With this organization, a pipe ends up being able to act as a "conduit"  
for pretty much any data, including some high-bandwidth things like video
streams, where you really _really_ don't want to copy the data. So the 
next stage is:

 - allow the buffer size to be set dynamically per-pipe (probably only
   increased by root, due to obvious issues, although a per-user limit is 
   not out of the question - it's just a "mlock" in kernel buffer space, 
   after all)
 - add per-"struct pipe_buffer" ops pointer to a structure with 
   operation function pointers: "release()", "wait_for_ready()", "poll()"  
   (and possibly "merge()", if we want to coalesce things, although I
   really hope we won't need to)
 - add a "splice(fd, fd)" system call that copies pages (by incrementing 
   their reference count, not by copying the data!) from an input source 
   to the pipe, or from a pipe to an output.
 - add a "tee(in, out1, out2)" system call that duplicates the pages 
   (again, incrementing their reference count, not copying the data) from 
   one pipe to two other pipes.

All of the above is basically a few lines of code (the "splice()" thing
requires some help from drivers/networking/pagecache etc, but it's not
complex help, and not everybody needs to do it - I'll start off with
_just_ a generic page cache helper to get the thing rolling, that's easy).
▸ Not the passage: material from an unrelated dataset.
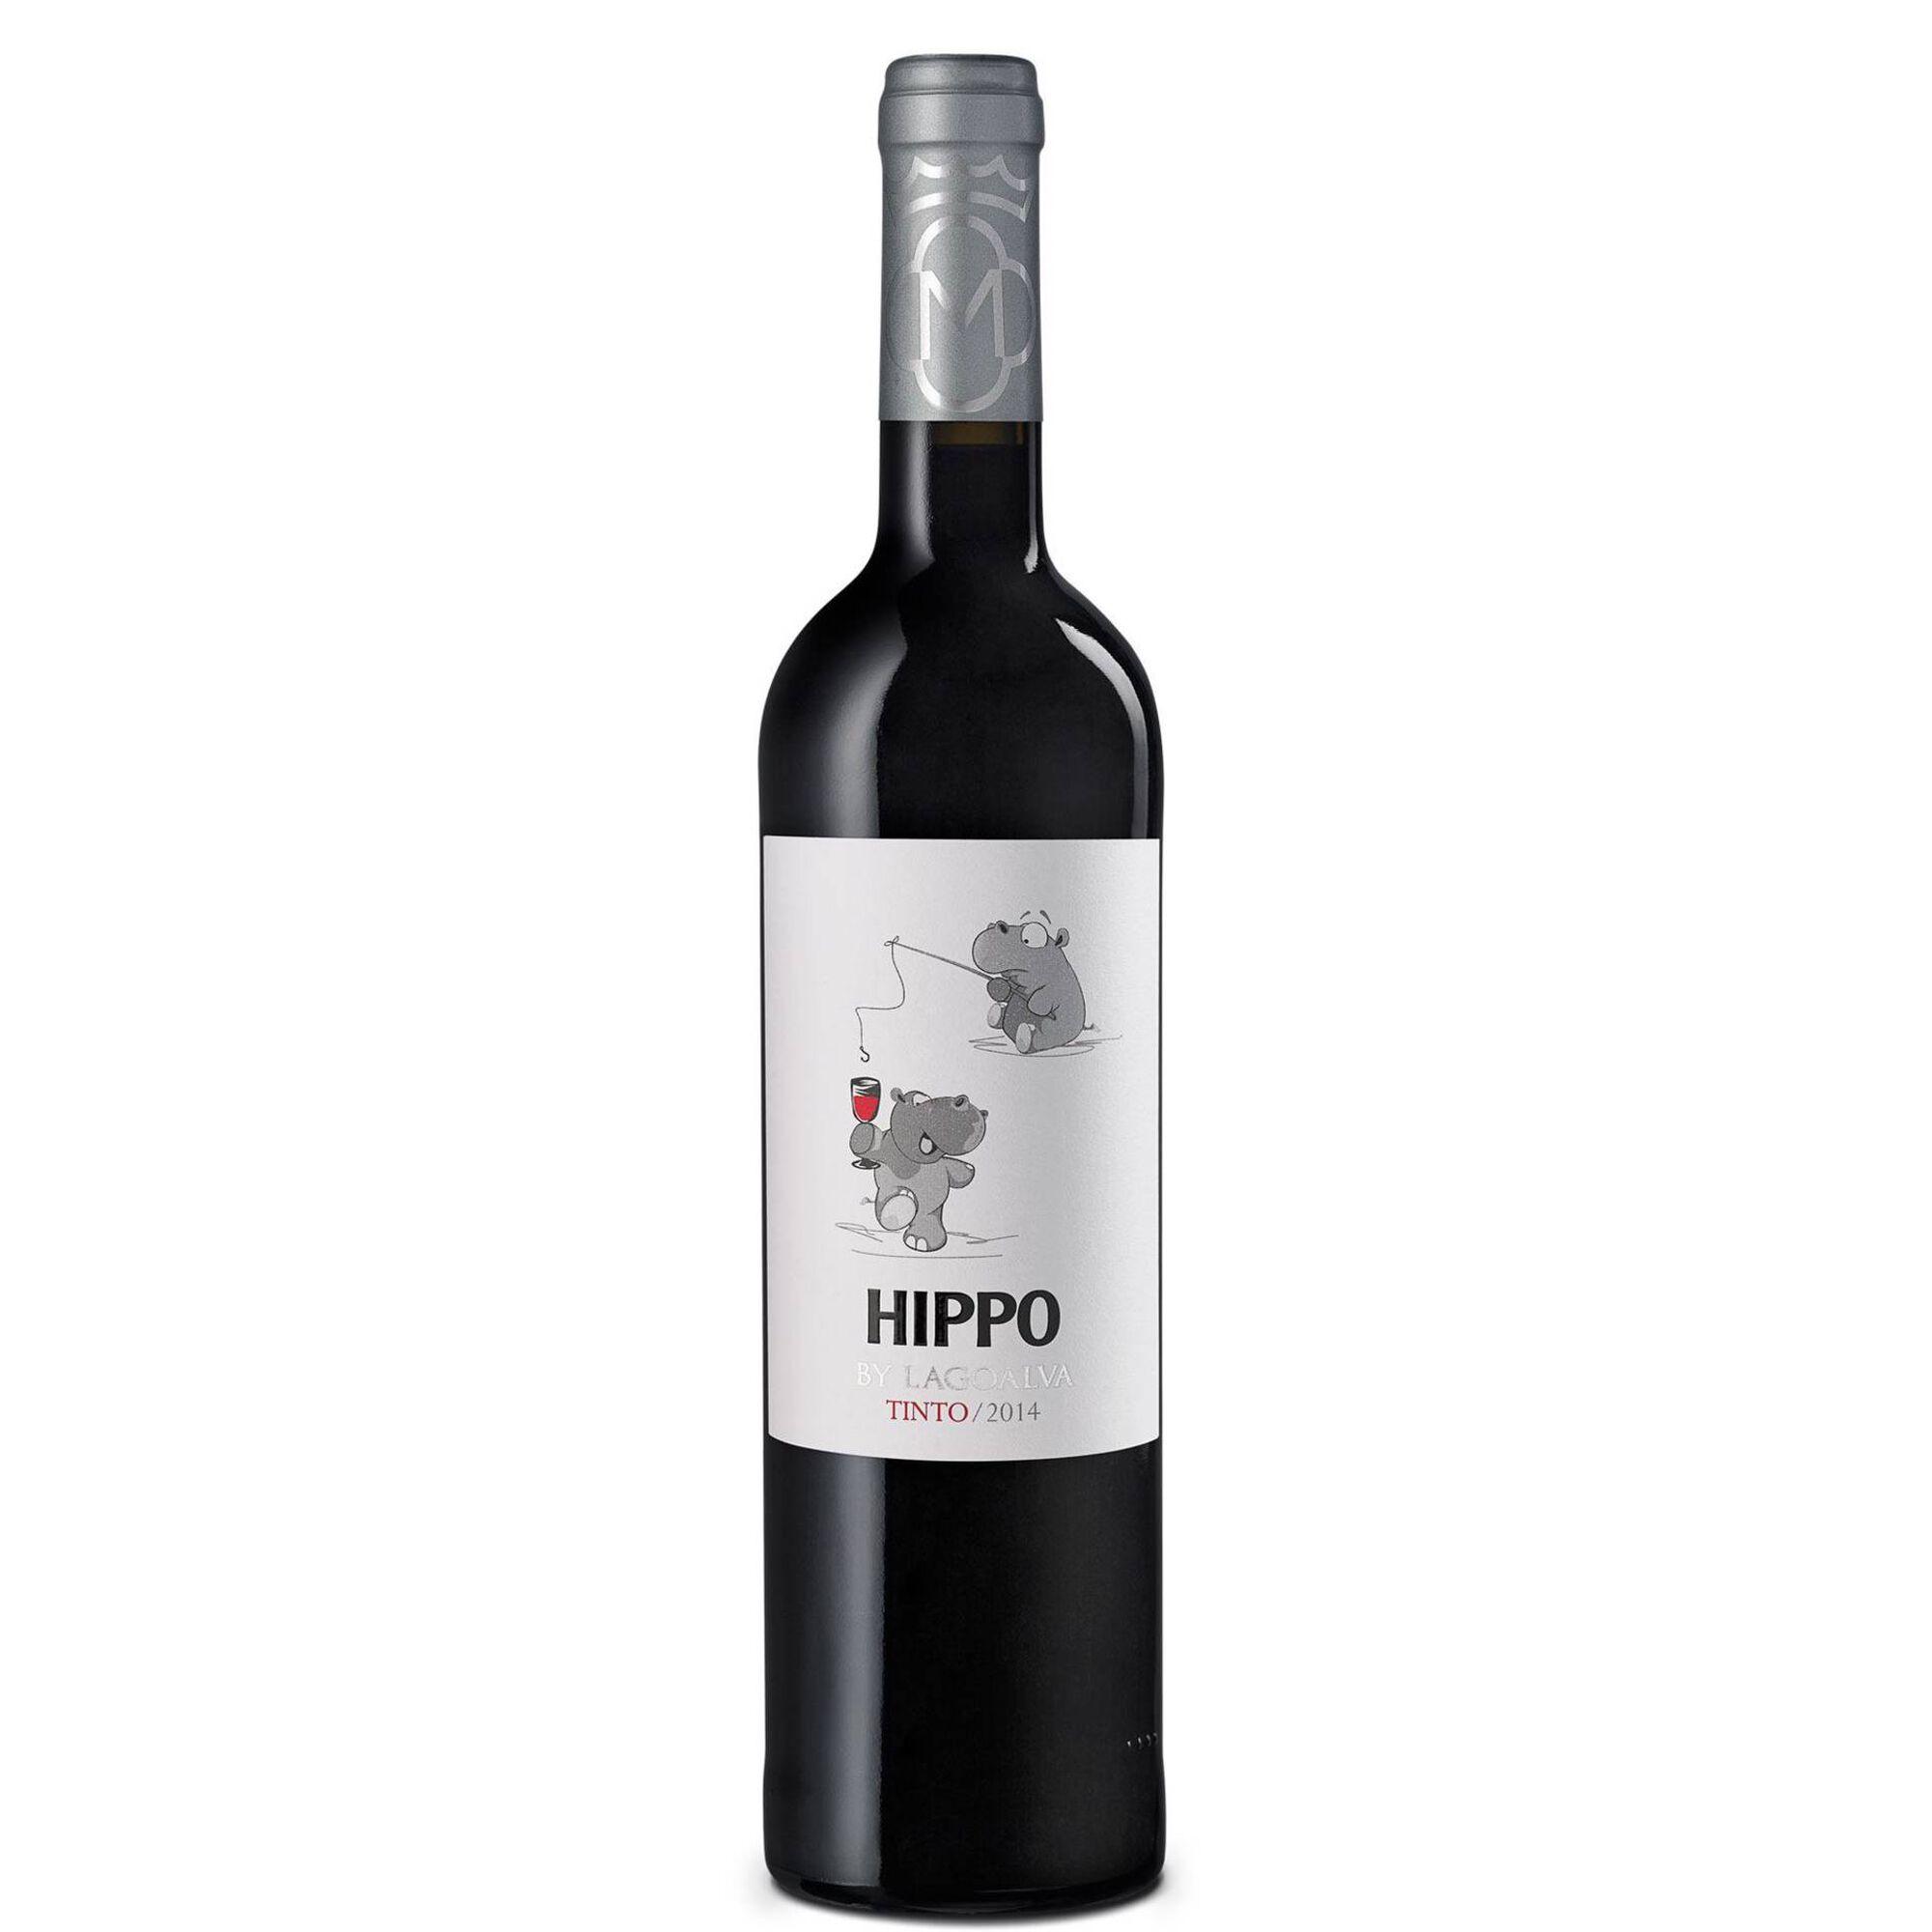 Hippo By Lagoalva Regional Tejo Vinho Tinto

Now, imagine using the above in a media server, for example. Let's say 
that a year or two has passed, so that the video drivers have been updated 
to be able to do the splice thing, and what can you do? You can:

 - splice from the (mpeg or whatever - let's just assume that the video
   input is either digital or does the encoding on its own - like they
   pretty much all do) video input into a pipe (remember: no copies - the
   video input will just DMA directly into memory, and splice will just 
   set up the pages in the pipe buffer)
 - tee that pipe to split it up
 - splice one end to a file (ie "save the compressed stream to disk")
 - splice the other end to a real-time video decoder window for your 
   real-time viewing pleasure.

That's the plan, at least. I think it makes sense, and the thing that 
convinced me about it was (a) how simple all of this seems to be 
implementation-wise (modulo details - but there are no "conceptually 
complex" parts: no horrid asynchronous interfaces, no questions about 
hotw to buffer things, no direct user access to pages that might 
partially contain protected data etc etc) and (b) it's so UNIXy. If 
there's something that says "the UNIX way", it's pipes between entities 
that act on the data.

For example, let's say that you wanted to serve a file from disk (or any 
other source) with a header to another program (or to a TCP connection, or 
to whatever - it's just a file descriptor). You'd do

	fd = create_pipe_to_destination();

	input = open("filename", O_RDONLY);
	write(fd, "header goes here", length_of_header);
	for (;;) {
		ssize_t err;
		err = splice(input, fd,
			~0 /* maxlen */,
			0 /* msg flags - think "sendmgsg" */);
		if (err > 0)
			continue;
		if (!err) /* EOF */
			break;
		.. handle input errors here ..
	}

(obviously, if this is a real server, this would likely all be in a
select/epoll loop, but that just gets too hard to describe consicely, so
I'm showing the single-threaded simple version).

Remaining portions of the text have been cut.